Trusted Credentials User Story
As a user, I want to provide your website access to content (resources) I own on another website, but I don’t want to give you my username and password for that website.
When you provide your Facebook account access to your Twitter feed, or allow Instagram to access to your Flickr photos, then this is what you’re accomplishing. It’s multiple sets of credentials that are trusted across domains. The dominant theme here though is the resources on those domains, who owns them, and how they can be accessed securely. This is the antithesis of the previous user story because the user is not interested in sharing credentials – only resources.
The idea of trusting credentials for the purpose of sharing resources is almost exclusively a feature of OAuth. Keep in mind though that OAuth is not a method by which you authenticate. You still authenticate with a username and password. OAuth simply allows you to do so on multiple domains without sharing credentials for the explicit purpose of sharing resources.
Developers get this wrong all the time. If you have a user that has already authenticated via private credentials, and all you want is seamless integration between a client browser and service on separate domains without using session cookies then you need to layer on web tokens or CORs, and not OAuth.
Single Sign-on User Story
As a user, I want to securely login once to all of your websites using a single username and password, so that I don’t need to login multiple times.
The rationale is extremely important with single sign-on because the user does not want to have to login multiple times, and so any barrier to that must be removed. This even includes eliminating the requirement to provide permission for access to each domain.
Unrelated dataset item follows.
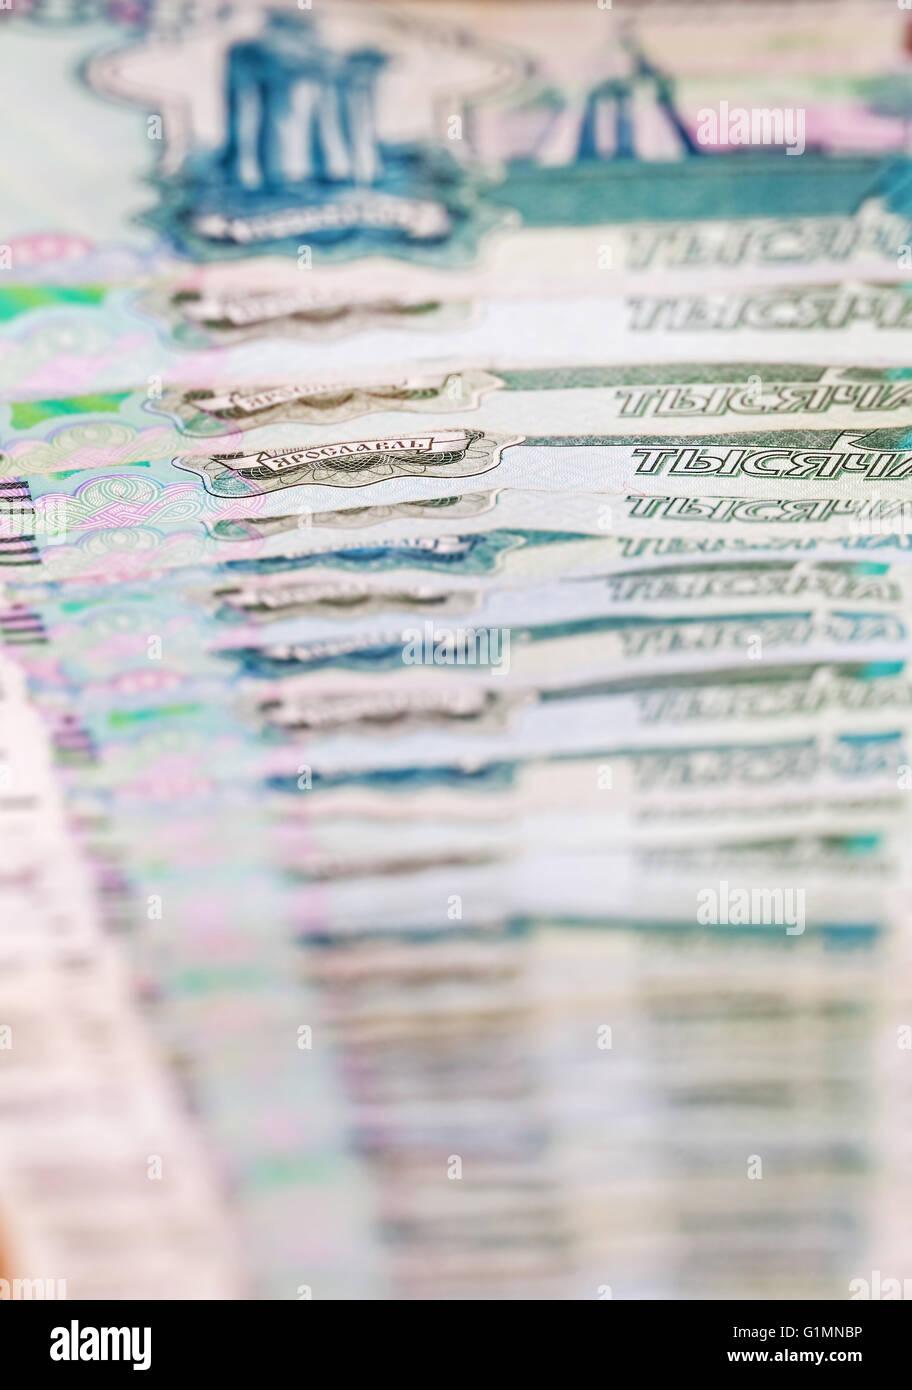 Immagine in metafore di caduta il rublo in millesimi fatture Immagini Stock

The sticking point here is that session management on each domain is often maintained independently, which can be confusing when timeouts are not synced properly across applications.
Single sign-on is by far the most complex of all the user stories because it’s actually authentication agnostic. Just like OAuth, it’s not truly a method by which you authenticate, but a method by which you can meet additional acceptance criteria related to authentication. Also, in single sign-on it’s common that the credentials are stored with a central identity manager that exists on a domain entirely different from the domains that require authentication.
If you want to know more about how single sign-on can work both in theory and implementation then the Shibboleth wiki has some good documentation. Shibboleth is an open-source implementation provider of single sign-on services using the SAML2 protocol as a means of communication between domains.
Single Sign-on Federation User Story
As a user, I want to securely login once to all of your websites using a single username and password trusted elsewhere, so that I don’t need to create another account.
The only real difference between single sign-on and federated single sign-on is that a user’s credentials can belong on another domain within another organization entirely. You may not even maintain, or have access to those credentials, but you belong to the federation, and so you agree to trust them as authenticated. The only thing released to your website is the user principal (e.g. – username) associated with the credentials, and any roles or permissions. Many universities and libraries belong to federations.
It’s best to start with a fresh outlook when researching authentication mechanisms. Gravitating toward a particular technology without considering how it aligns with the intended goal will waste a lot of effort. Although, there can be extenuating circumstances that force you to include or exclude certain technologies. There’s definitely a lot to consider when implementing authentication, but at the forefront of your mind should be the user, and hopefully this post helps.